TBD - Bicep module to demonstrate resource deployment in subscription such as spoke VNET

Sandbox environment

This scenario implements simple sandbox subscription solution:

  • Each sandbox gets its own resource group with one Owner, who can provide access to other team members
  • Each sandbox has budget created
  • Budgets use Azure Functions to execute actions:
    • On 80% Owner is informed
    • On 100% all VMs in resource group are stopped
    • On 120% resource group is deleted and sandbox environment is destroyed
  • There is one drawback you should be aware of due to how budgets are implemented in Azure - start time of budget must not be in distant past (for monthly budget it must be first of current month) when budget is created.
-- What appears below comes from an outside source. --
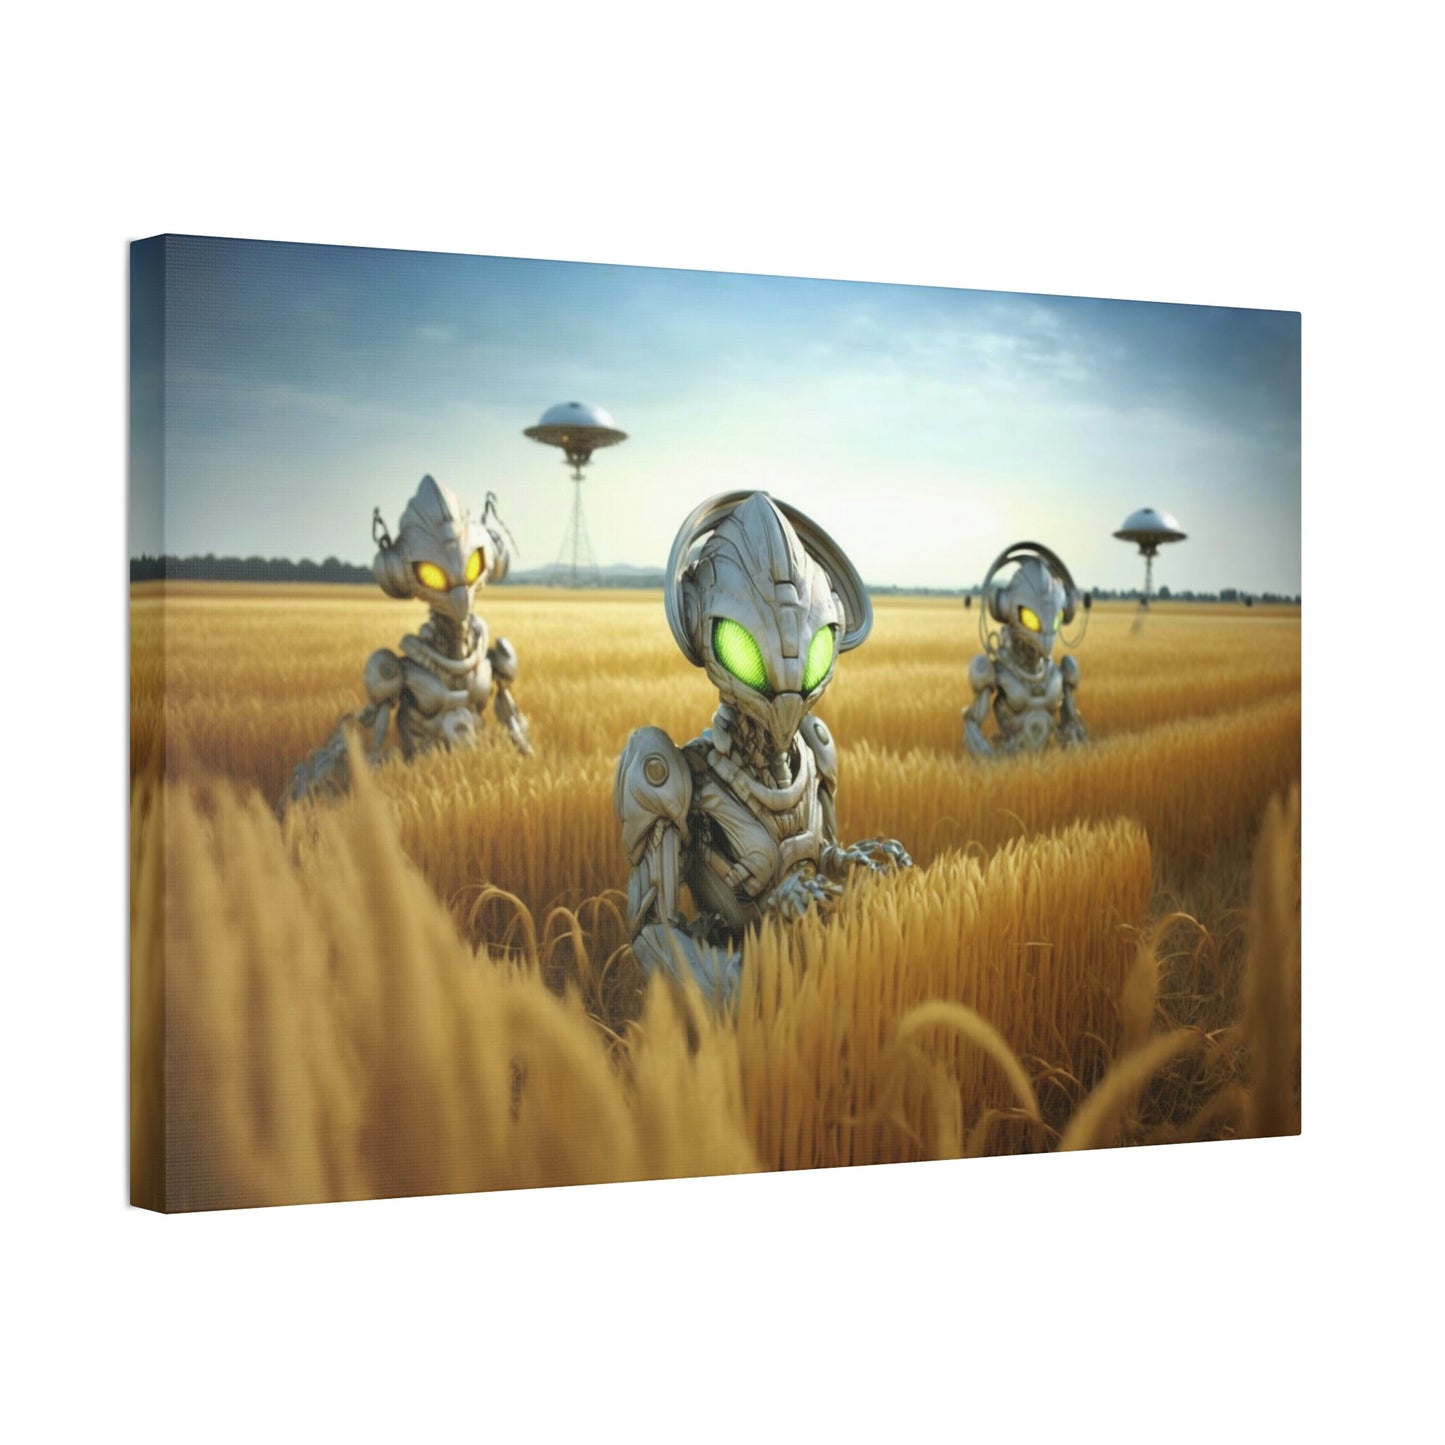 Intergalactic Beauty: Alien-Inspired Art Print on Canvas & Poster
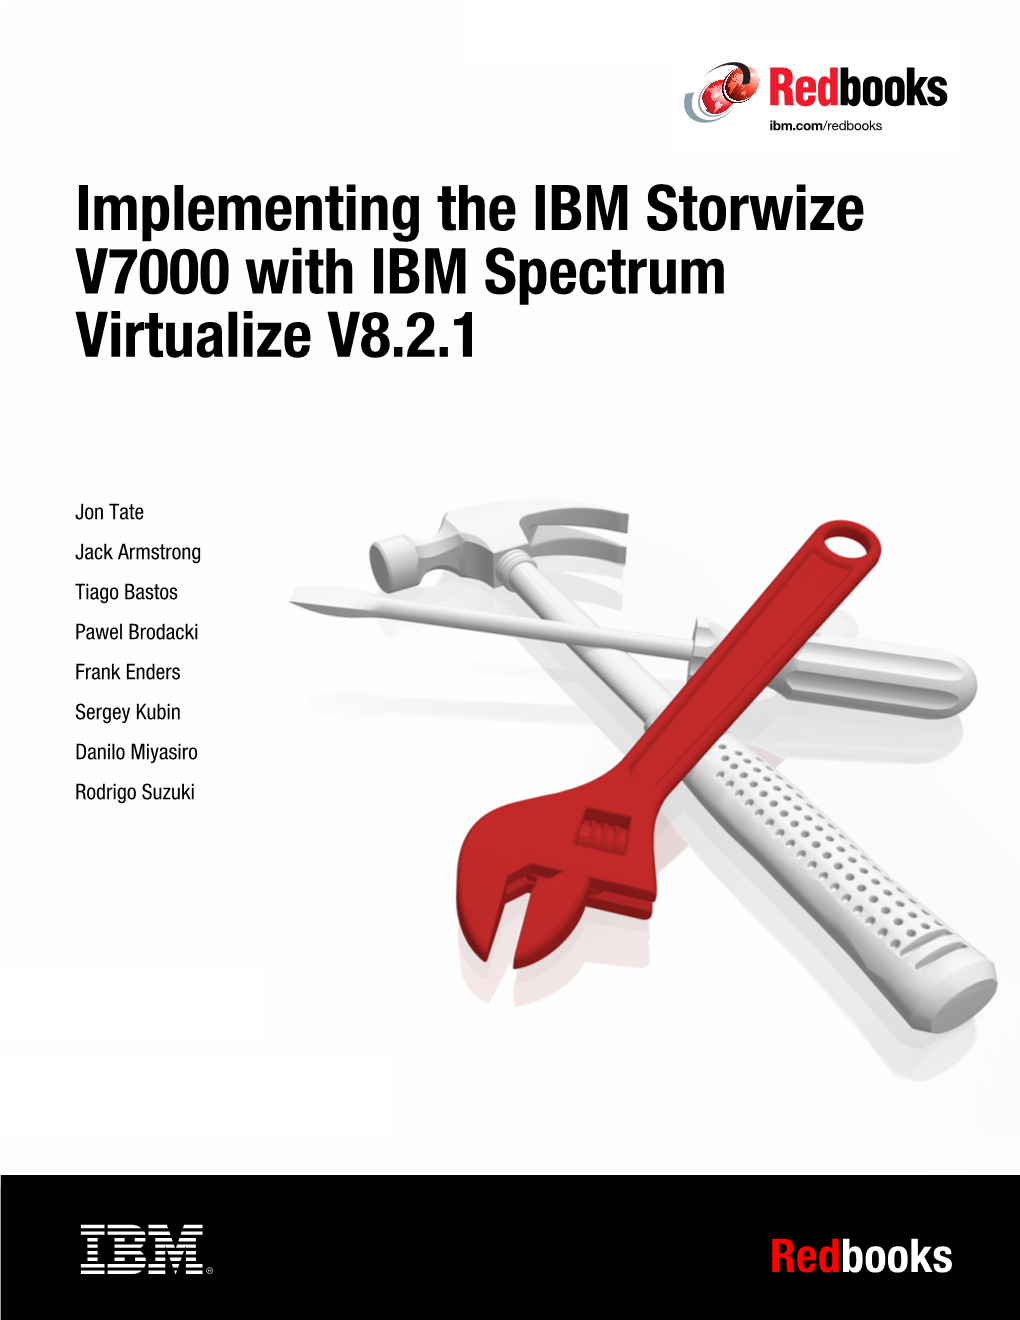 Implementing the IBM Storwize V7000 with IBM Spectrum Virtualize V8.2.1

So if you create budget, 3 months later delete and re-run template, you need to modify start time. This does not have negative effect on budget itself.

Terraform

Current automation can be found in Terraform/sandbox

  • inputs.tf contains map of sandboxes (in my example research1 etc.) with certain required parameters such as OwnerId (object ID of user account or AAD group), OwnerEmail (to be written to tag) and monthly budget amount
  • supportInfra.tf deploy automation infrastructure to react on budget overspend. This contains storage account (used to store Azure Functions deployment code), Azure Functions with PowerShell and Action Groups
  • main.tf contains logic to loop throw inputs and create resource groups, access control and budgets
  • Azure Functions logic is stored in /automationFunctions to be reused regardless of type of Infra as Code tool(eg. Bicep version). Logic is written as simple PowerShell Azure commands, but can be reimplemented using Python or any other option. Note that for simplicity budget name = resource group name.

Bicep

Current automation can be found in Bicep/sandbox

  • Bicep does not support imperative steps such as upload something to storage directly. I could have use deploymentScript feature, but that would add unnecessary complexity since all we need is to make Azure Functions code zip file available in storage. Use commands in prepare.sh to upload code to storage or reference different store (such as GitHub repo).
  • main.bicep contains sandboxes var in which you define all your sandboxes. It deploys all components and modules. main.bicep is targeting subscription scope.
  • rbac.bicep is separate module because it configures RBAC on per resource group basis so cannot be deployed from main.bicep directly - module with RG scope is called in a loop
  • infrastructure.bicep contains resource group scoped deployment of basic infrastructure such as Azure Function and Action Groups

Note - with Bicep you cannot simple delete budget object from sandboxes vars because subscription-scoped deployments do not support mode Complete. Therefore Bicep will not delete resources when deleted from template - you will need to run simple script to do so (delete resource group and budget).

Pulumi

Current automation can be found in Pulumi/sandbox

  • Similar to Terraform option this solution takes care also for uploading deployment zip to storage
  • Python was used as programming language
  • Solution is simple enough so single file was used with no additional classes
  • Note: I have some issue in code with azure-native:storage:listStorageAccountSAS accessing resource that not yet exist during preview phase. For first time you might need to use "pulumi up -f" to skip preview and deploy right away

Planning - the same examples in Pulumi.